Try it: Give a verbatim copy of the lines below, minus the pictures.

Exercise data:

--------

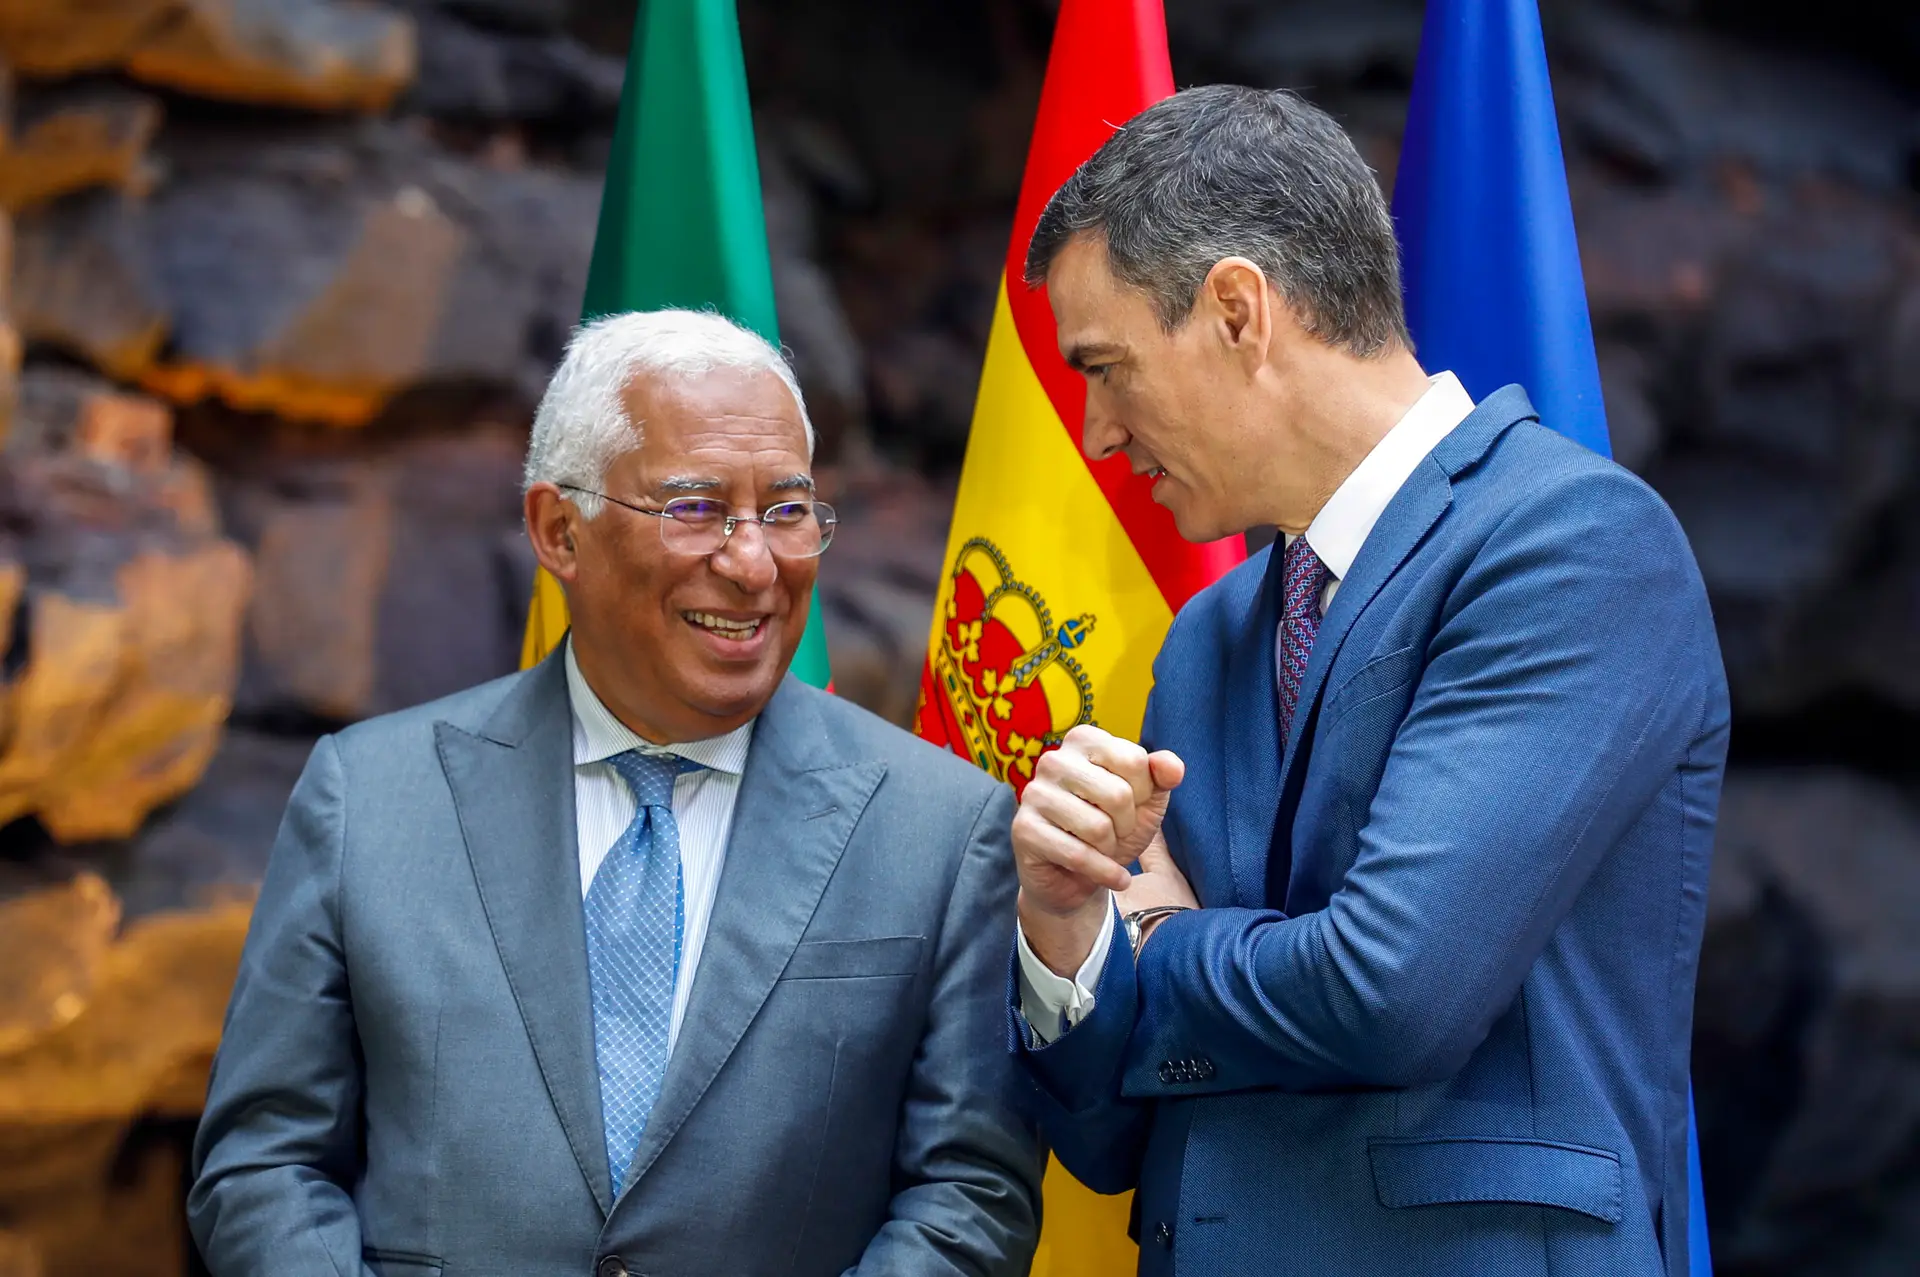 TAP: Sánchez evita falar sobre interesse da Iberia, mas apoia "estreitar laços"
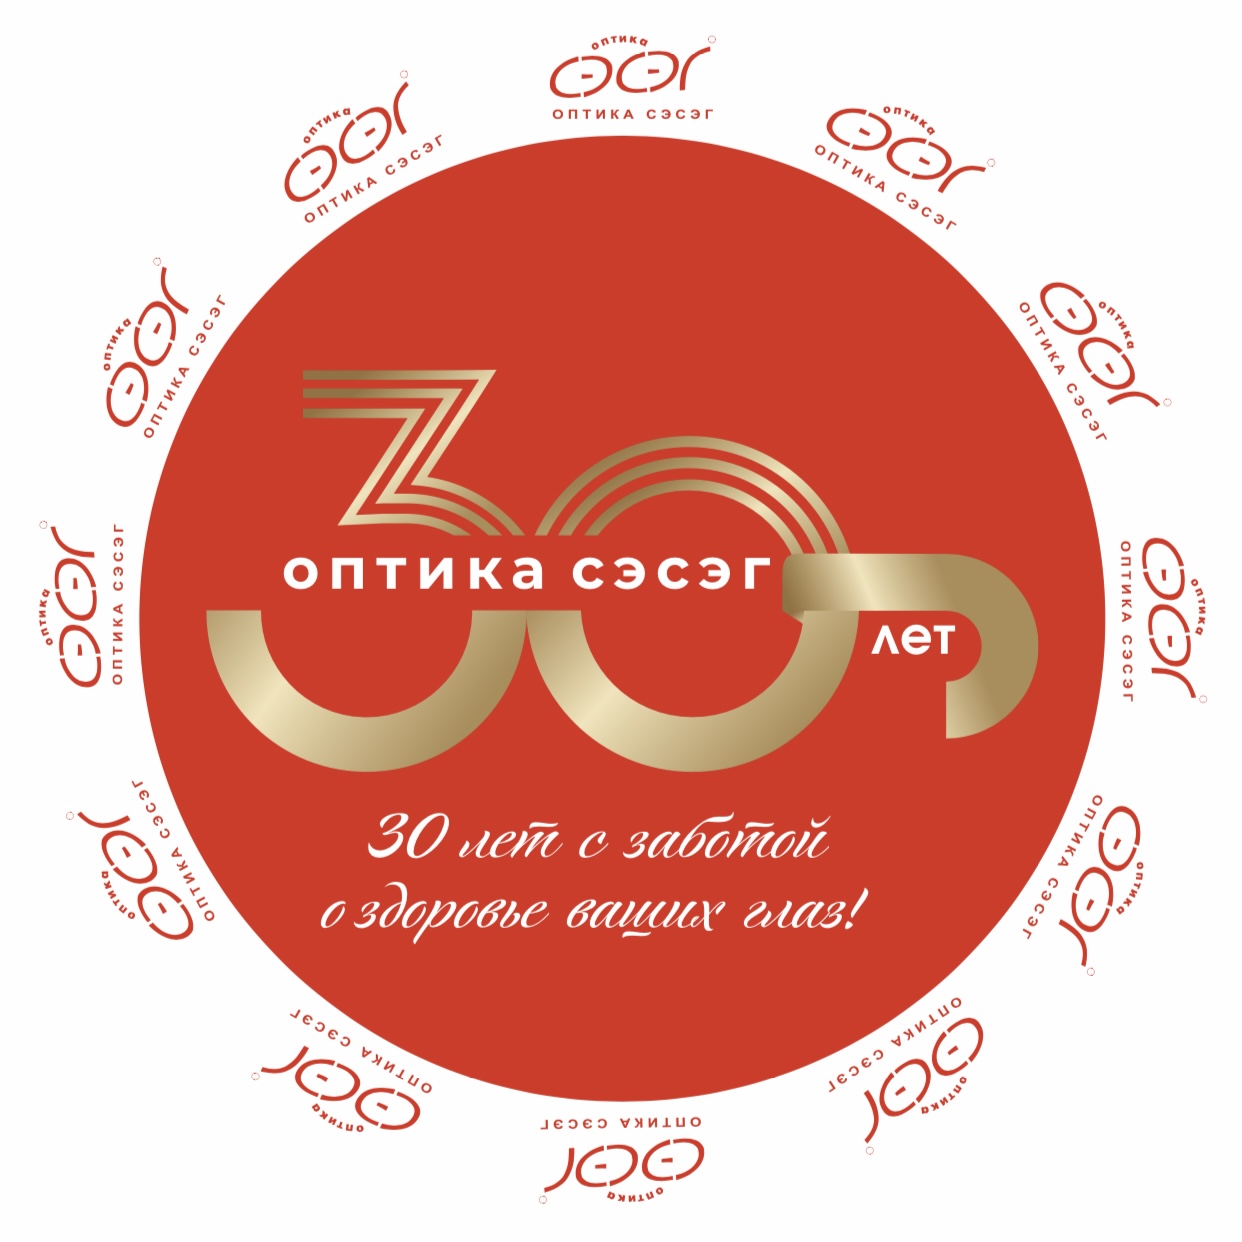 Сегодня «Оптика Сэсэг» отмечает свой 30-летний юбилей! 
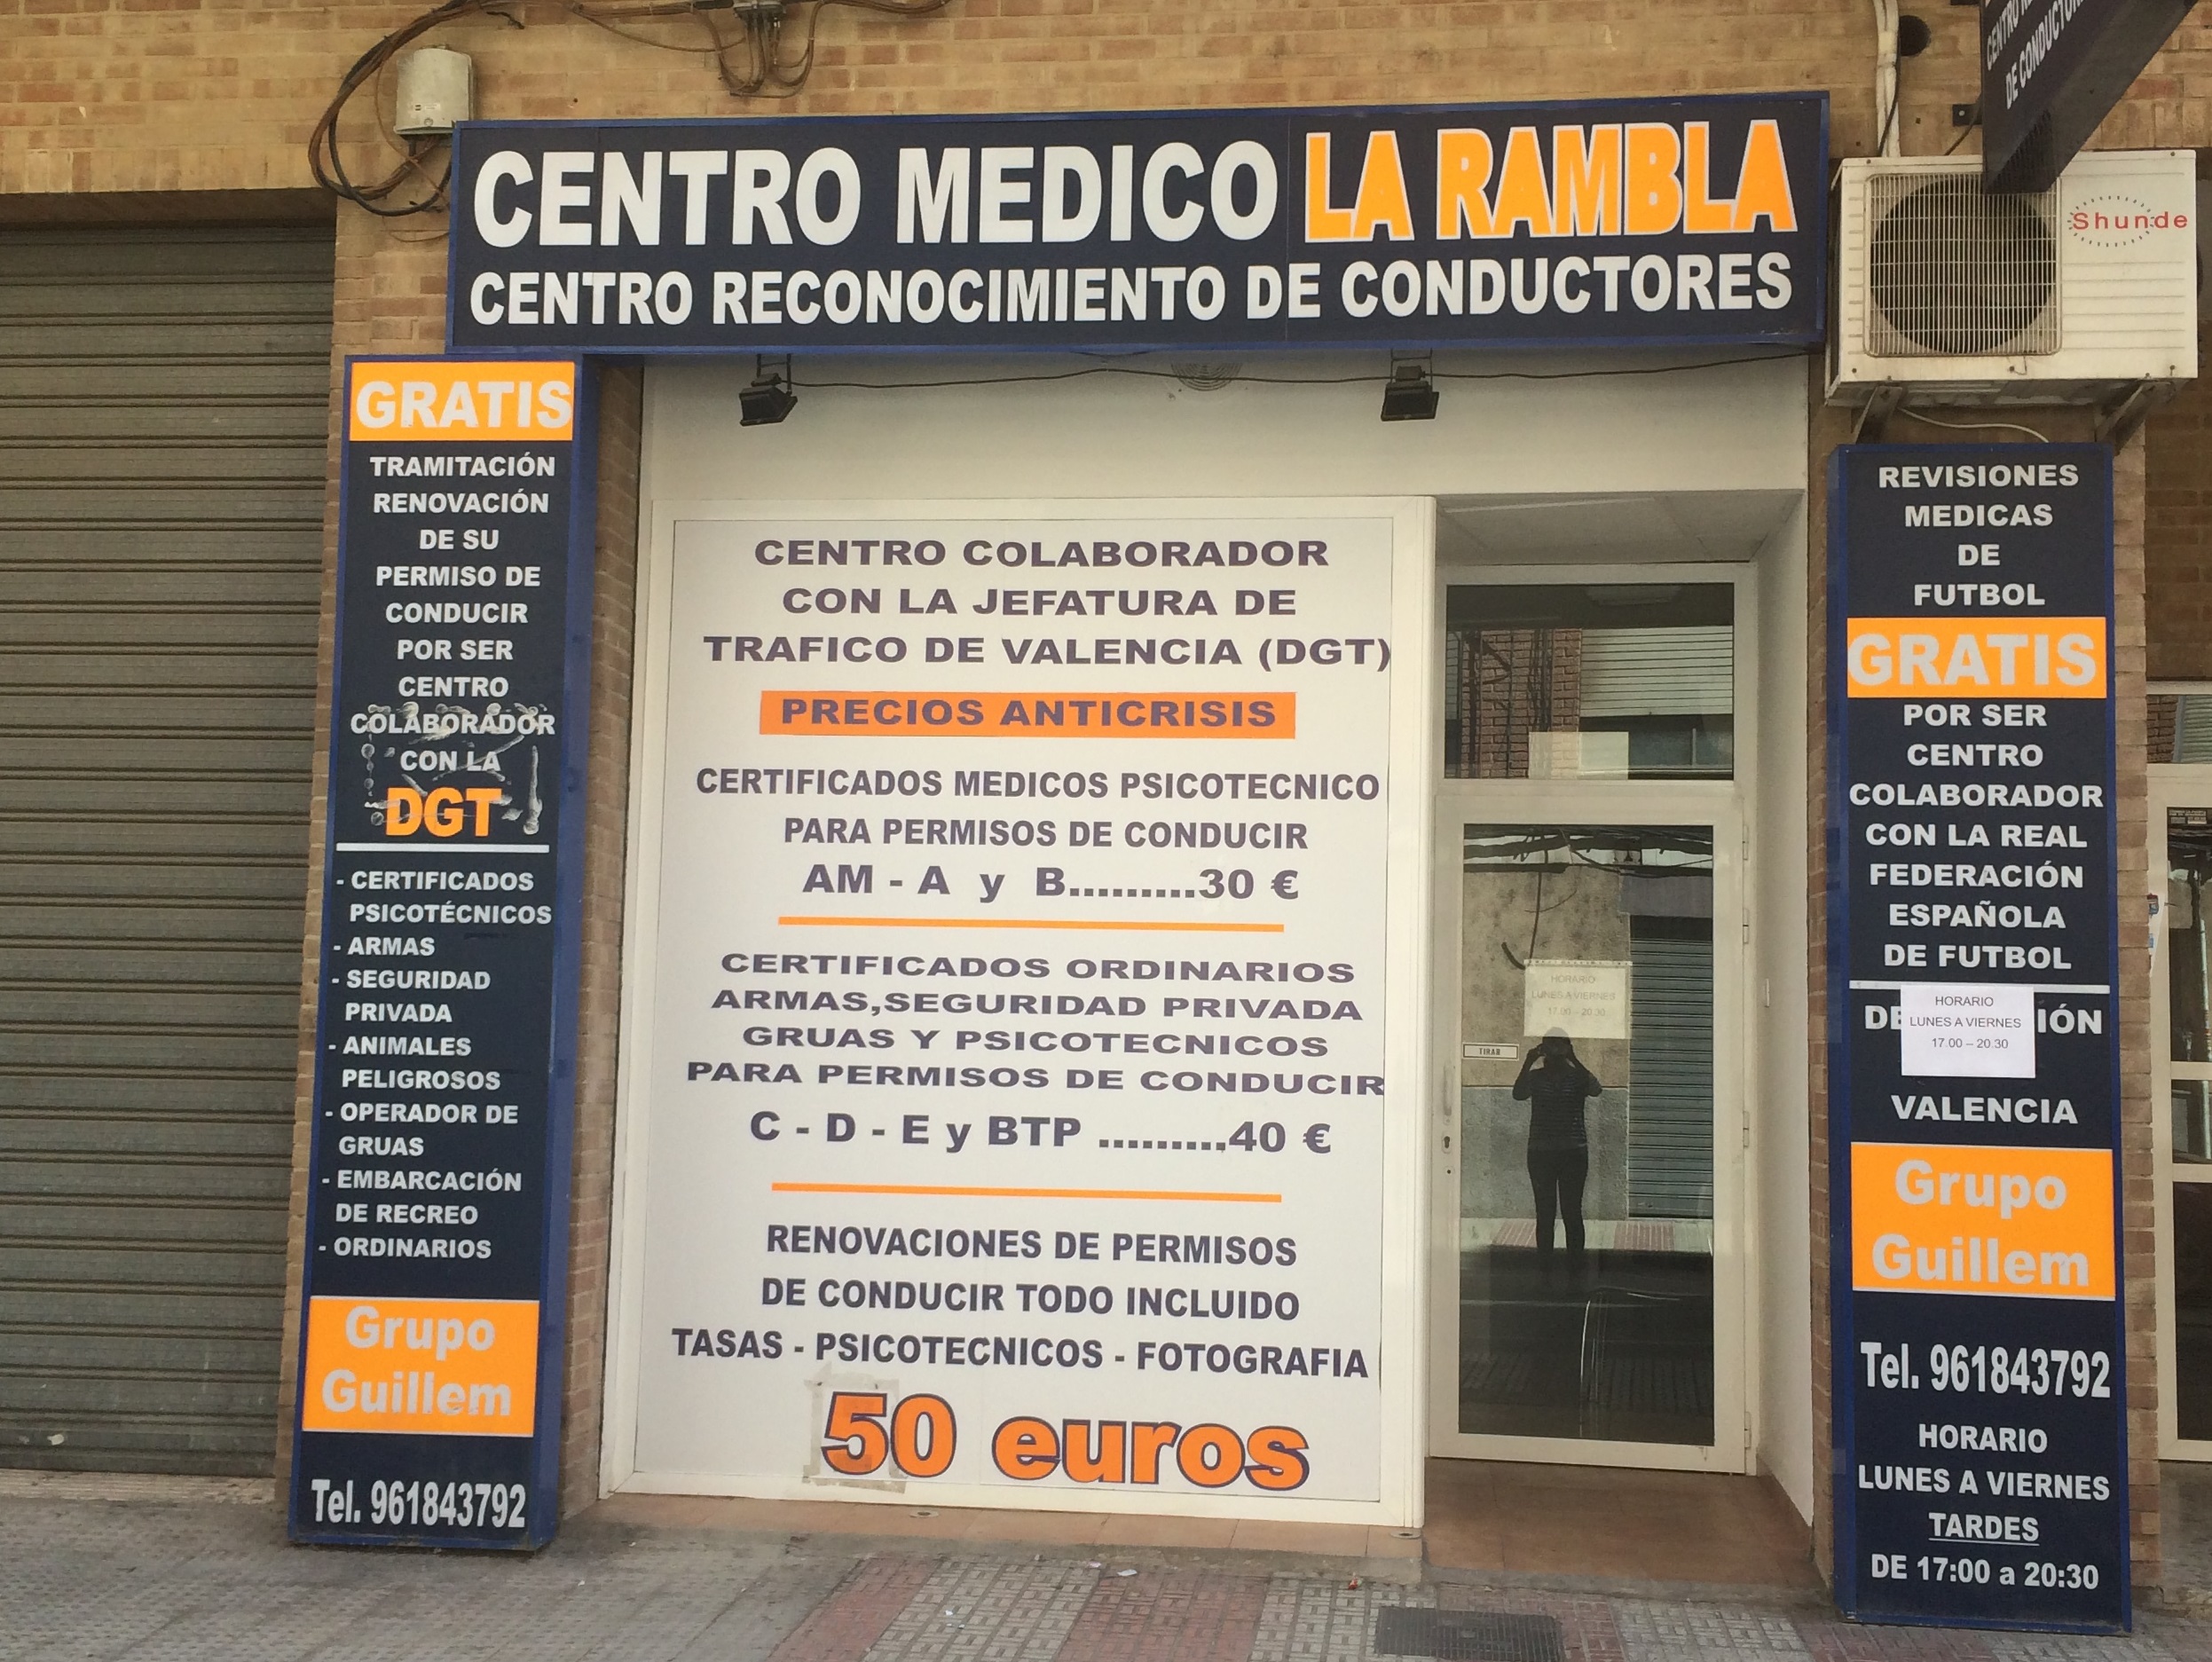 Centro Médico La rambla

--------

Answer below:
 TAP: Sánchez evita falar sobre interesse da Iberia, mas apoia "estreitar laços"
 Сегодня «Оптика Сэсэг» отмечает свой 30-летний юбилей! 
 Centro Médico La rambla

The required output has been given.